I suppose I could have done something much simpler, but I ended up using the following:
- Part (b) of the same problem, $p(x)$ nilpotent in $R[x] \Leftrightarrow a_0, a_1, ... , a_n$ nilpotent in $R$. (I did this part first)
- Exercise 29, the collection of nilpotent elements $N(R)$ form an ideal in $R$.
- Exercise 17(b), if $\phi: R \rightarrow S$ is a ring homomorphism, and $\phi(1_R) = 1_S$, then $\phi$ maps units to units.
- Exercse 7.1.14, miscellaneous properties about nilpotents.
Here's my attempt:
Let $p(x) \in R[x]$, and $p(x) = \sum_{k=0}^{n} a_kx^k$. Let $N(R)$ denote the nilradical, or the ideal of $R$ consisting of all nilpotents.
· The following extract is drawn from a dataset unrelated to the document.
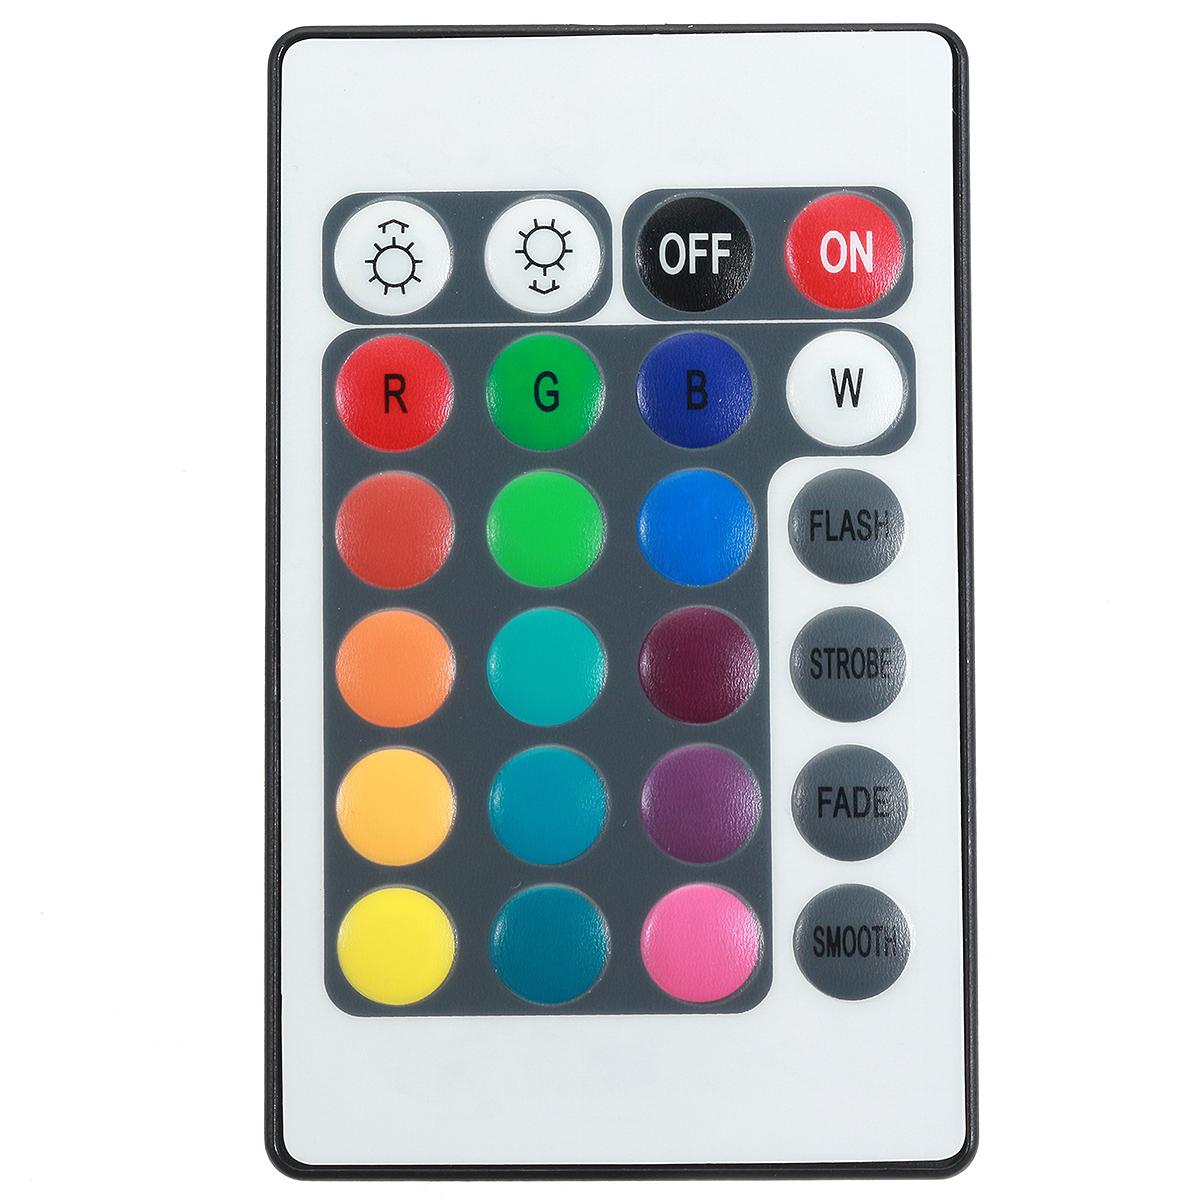 DC12V 2*5M Non-waterproof SMD2835 Smart WIFI Alexa Google Home Control Flexible

We consider the homomorphism $\phi: R[x] \rightarrow R/N(R)[x]$ defined by $\phi: \sum_{k=0}^{n} a_kx^k \mapsto \sum_{k=0}^{n} \overline{a_k}x^k$, where $\pi(a_k) = \overline{a_k} $, and $\pi$ is the natural projection from $R$ to $R/N(R)$.
It is clear that $\pi(1) = \overline{1}$.
$(\Leftarrow)$
Let $a_0$ be a unit of $R$, and $a_1,a_2,...,a_n \in N(R)$. By part (b), $\sum_{k=1}^{n} a_{k}x^k$ is nilpotent, and from exercise 7.1.4, the sum of a nilpotent element and a unit is a unit, so $p(x)$ is a unit.
$(\Rightarrow)$
Let $p(x)$ be a unit of $R[x]$. We assume the contrary, and that $a_0$ is not a unit, or at least one of $a_1, ... , a_n$ is not nilpotent.
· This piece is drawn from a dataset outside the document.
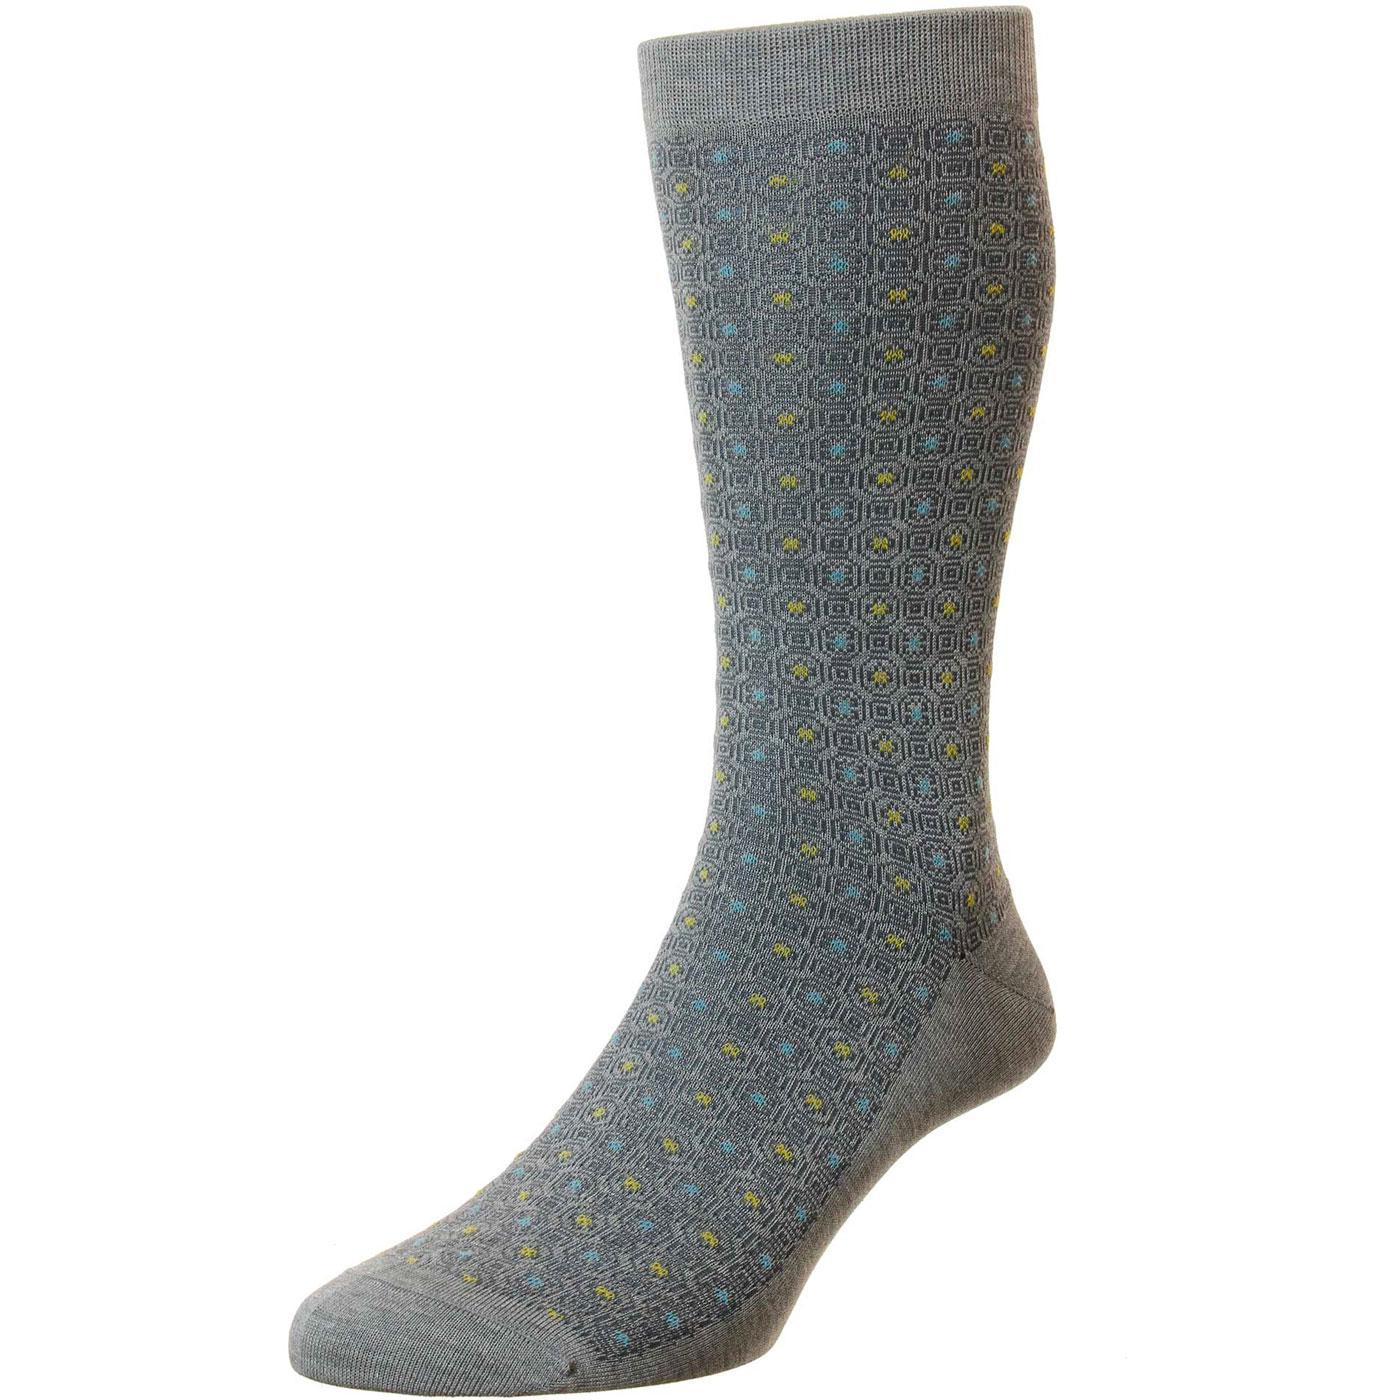 + Gilbert PANTHERELLA Mosaic Made in England Socks

If $a_0$ is not a unit then we are done, since for every $q(x) \in R[x]$, we have that the constant term of $p(x)q(x)$ is $a_{0}b_0$, where $b_0$ is the constant term of $q(x)$, and if $a_0$ is not a unit, then $a_{0}b_0 \neq 1$, which contradicts that $p(x)$ is a unit. So we may assume $a_0$ is a unit, and hence not nilpotent.
Let $a_i \notin N(R)$, $a_i \neq 0$, for some $1 \leq i \leq n$. Then, $\phi(p(x)) = \overline{a_0} + \overline{a_i}x^i + \overline{O(x)}$, where $\overline{O(x)}$ is the collection of all of the non-nilpotent terms. Since $p(x)$ is a unit, there exists $q(x) \in R[x]$ such that $p(x)q(x) = 1$, and so we must have $$\overline{1} = \phi(1) = \phi(p(x)q(x)) = \phi(p(x))\phi(q(x))$$
And here's where I get stuck; I was trying to force the $\overline{a_i}$ term to end up being nonzero to obtain a contradiction, but I can't seem to rule out the case that something from $\phi(q(x))$ multiplies the $\overline{a_i}$ term and ends up making it a nilpotent, or that $\overline{a_i}$ was a zero divisor all along and I accidentally multiplied its buddy.
Any ideas? Thanks in advance!
Note that without loss of generality you can assume the constant term is $1$ since multiplying by a unit (to wit, $a_0^{-1}$) won't change whether something is a unit or non-unit. Now consider a polynomial $h(x)$ in $R/N(R)[x]$ with constant term $1$, which you can write as $1-axf(x)$ in $R/N(R)[x]$, where $a$ is non-zero and $f$ is monic. Suppose it is invertible with inverse $g(x)$ of degree $m-1$.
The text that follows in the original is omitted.